I guess the question is, what Rich needs more urgently, more aggregate rate or more single-flow performance?
Then for bonding one needs a dedicated head-end device on the internet side of things, while mwan3 on the router alone should work with any independent links for failover and load sharing, IIRC.

Best Regards
Sebastian

On 3 May 2020 16:33:56 CEST, Dave Taht <dave.taht@gmail.com> wrote:
not huge on bonding, simpler to just get the two uplinks and split
flows across them with an sqm instance for each and a tc hash
directing flows at one or another.

On Sun, May 3, 2020 at 7:30 AM Daniel Sterling
<sterling.daniel@gmail.com> wrote:
>
When I had both DSL and cable modem, I compiled Linux with this patch set to make multi gateway NAT work and it worked great

http://ja.ssi.bg/#routes

Should be able to use that plus ifb+cake on each NIC to do the right thing, aye?

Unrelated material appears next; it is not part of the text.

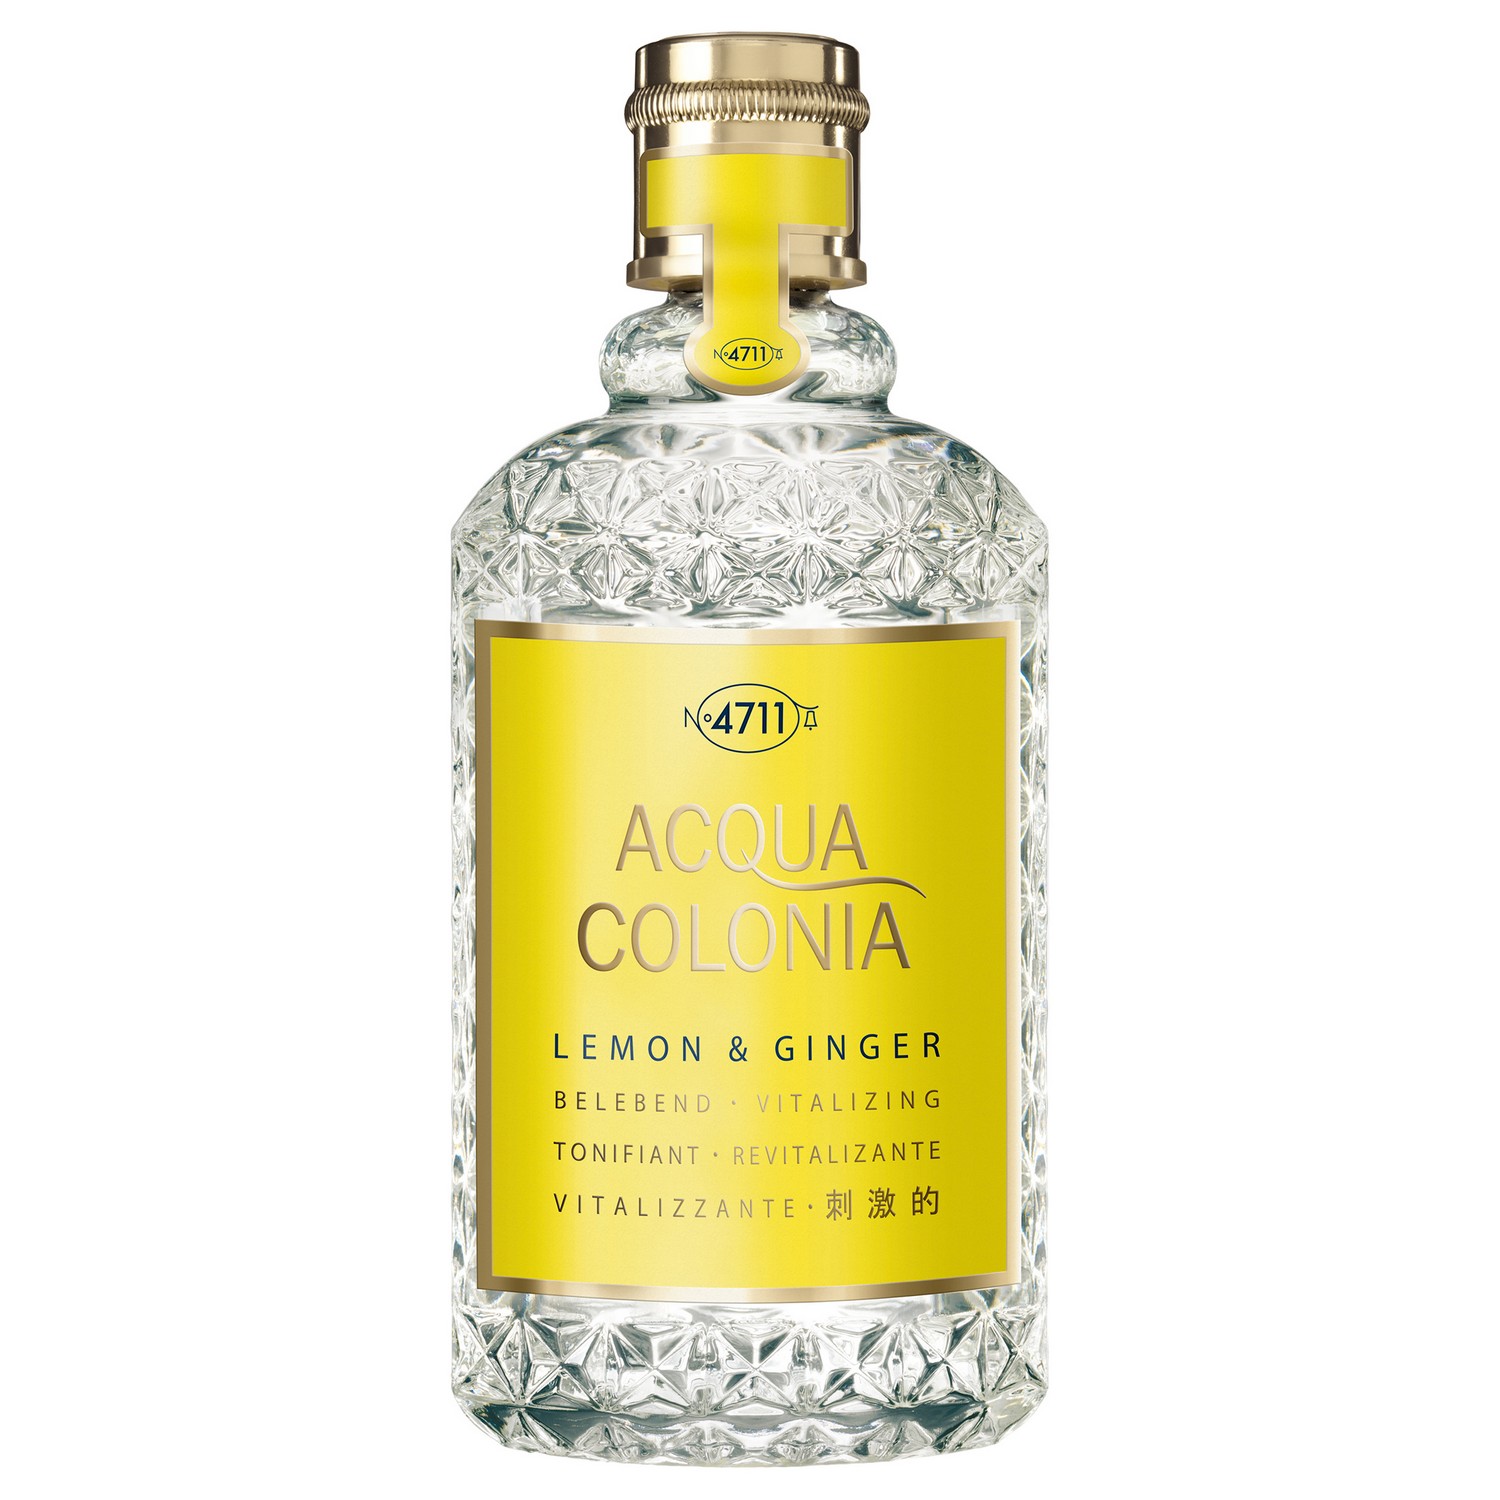 4711 Acqua Colonia Lemon & Ginger Eau de Cologne 170ml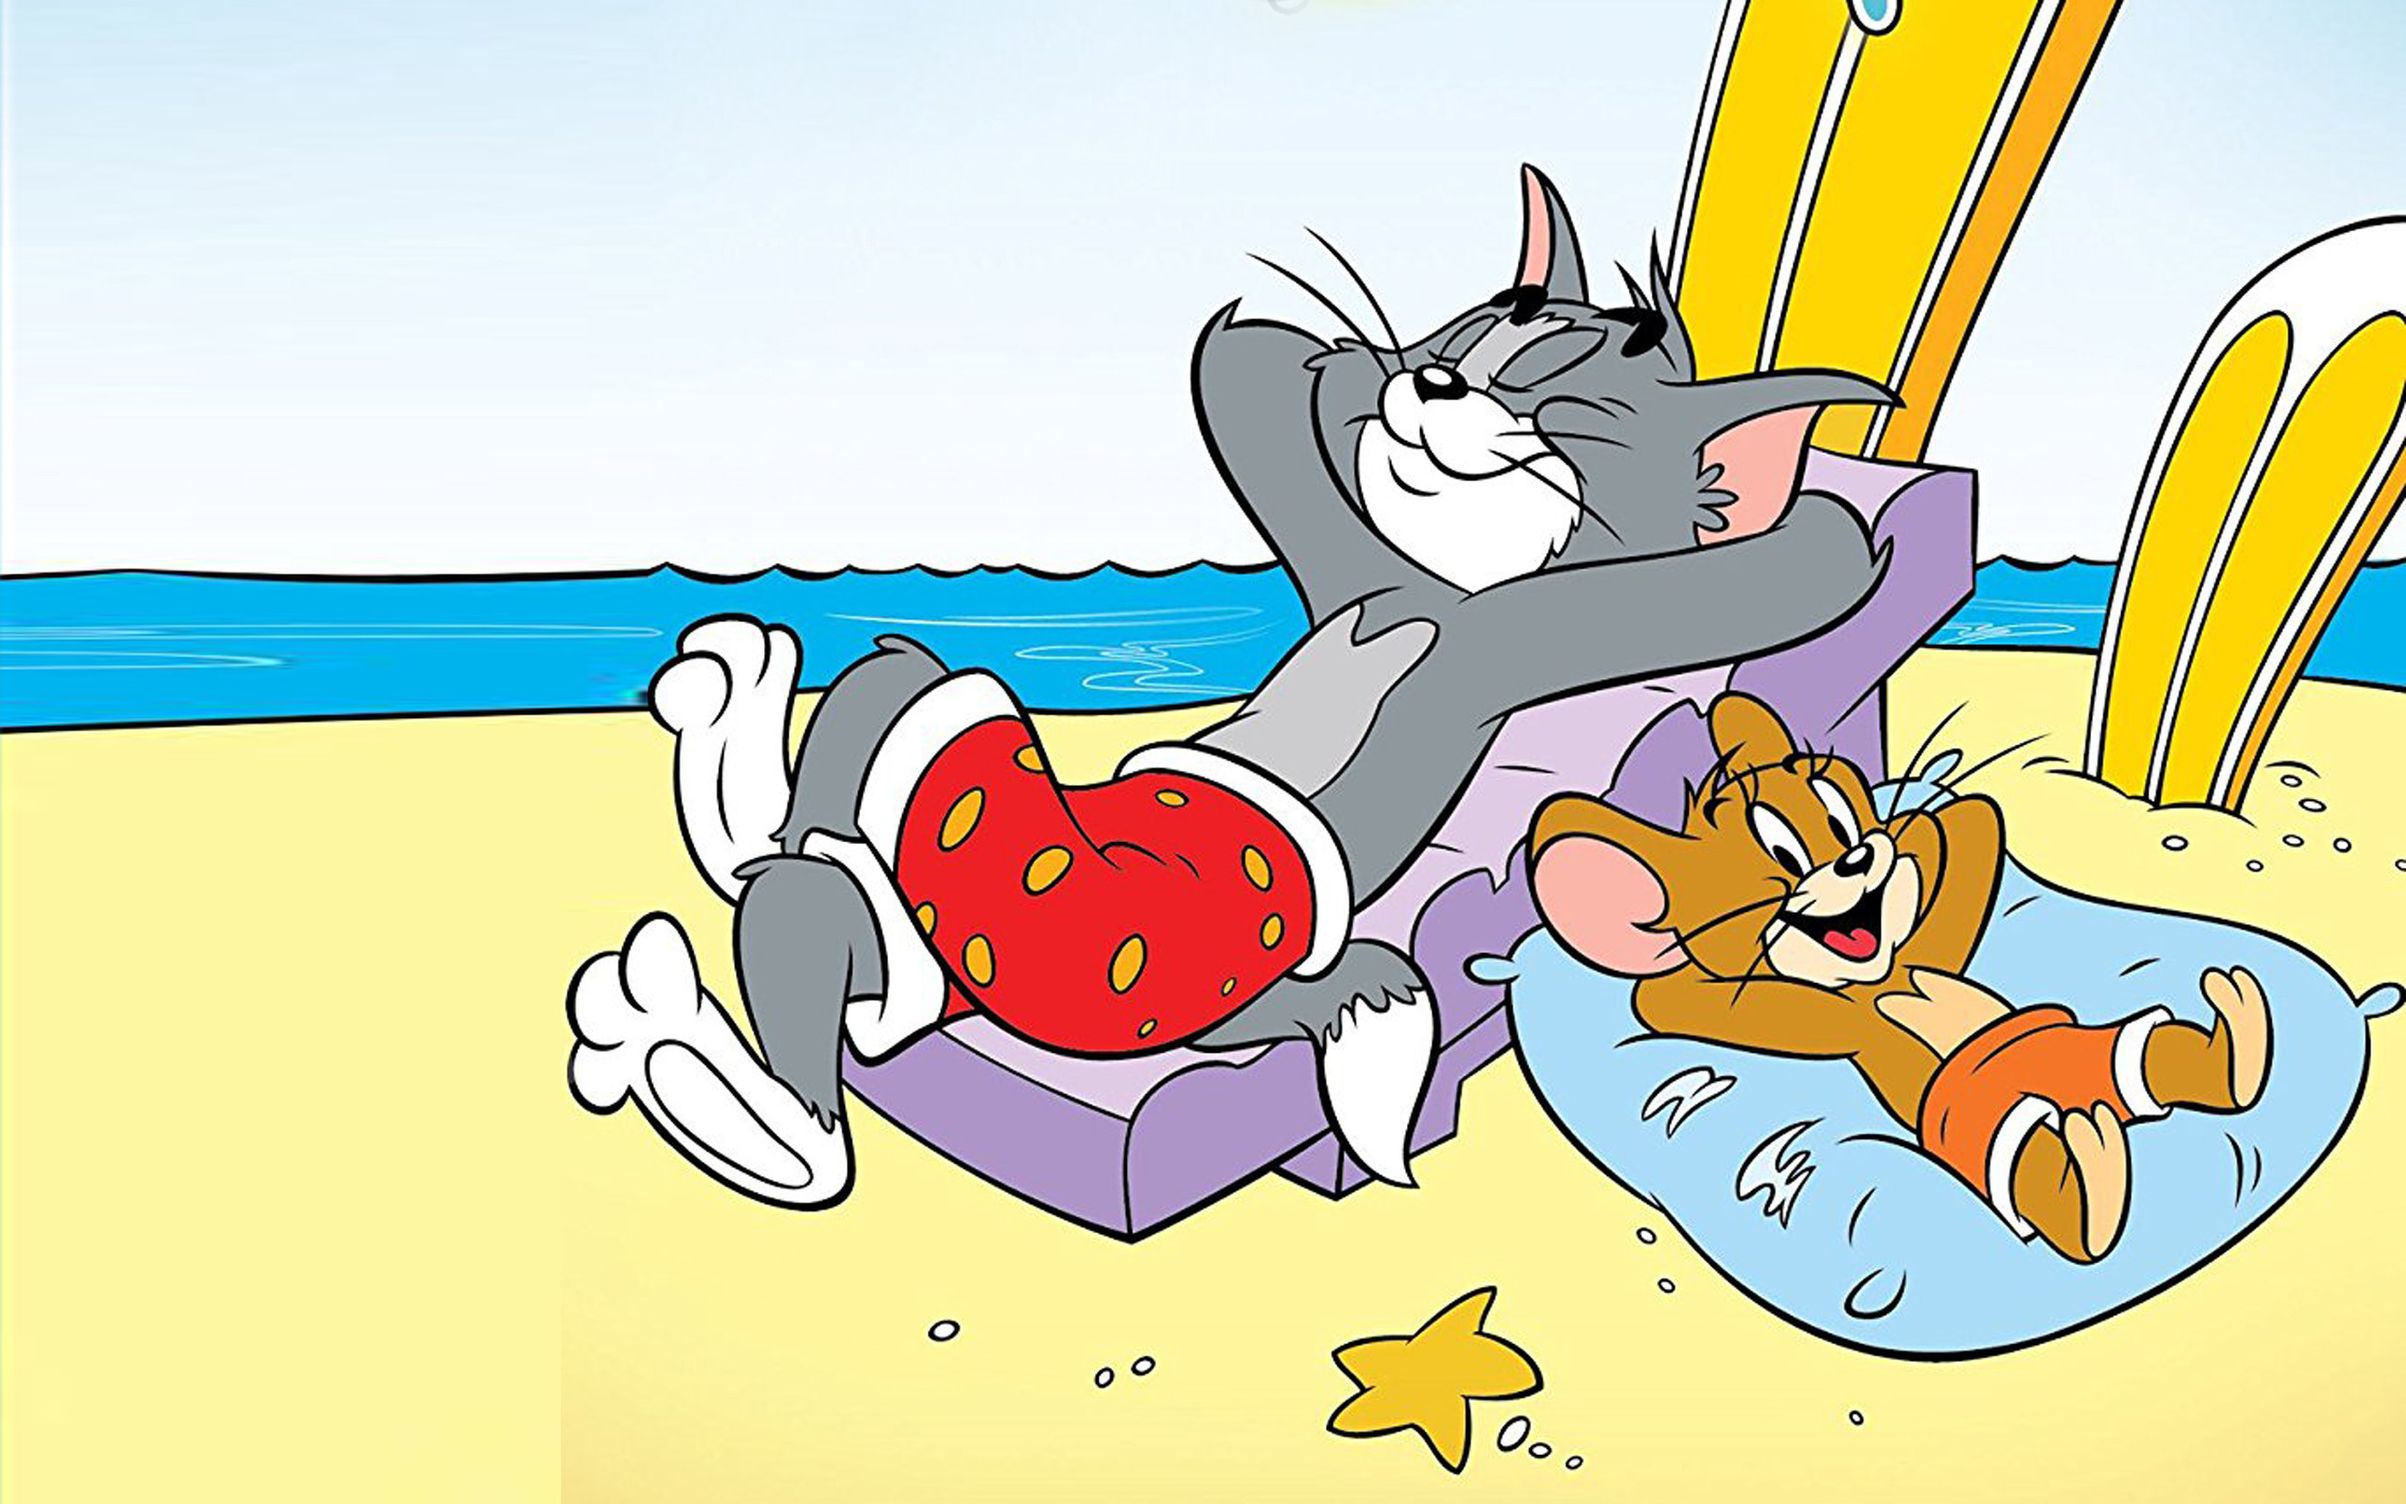 Tom and jerry 55. Tom i Jerry. Том и Джерри Джерри. Том и Джерри Tom and Jerry. Tom and Jerry cartoon.

As an aside, I'm kind of furious that NAT fix never got merged upstream :( it's so useful for multiple uplinks

-- Dan

On May 3, 2020, at 10:23 AM, Rich Brown <richb.hanover@gmail.com> wrote:

Given the crummy internet service in my area (DSL, max of 15mbps/1mbps), I wonder if we could improve things by getting a second connection from our ISP and "bonding" the two links together in my OpenWrt router.

I see both Multiwan (which is self-described as old) and mwan3.

But neither would seem to offer the kinds of latency control (SQM/fq_codel/cake) that the cool kids in networking have come to expect.

Any recommendations from this group for such an effort? Thanks.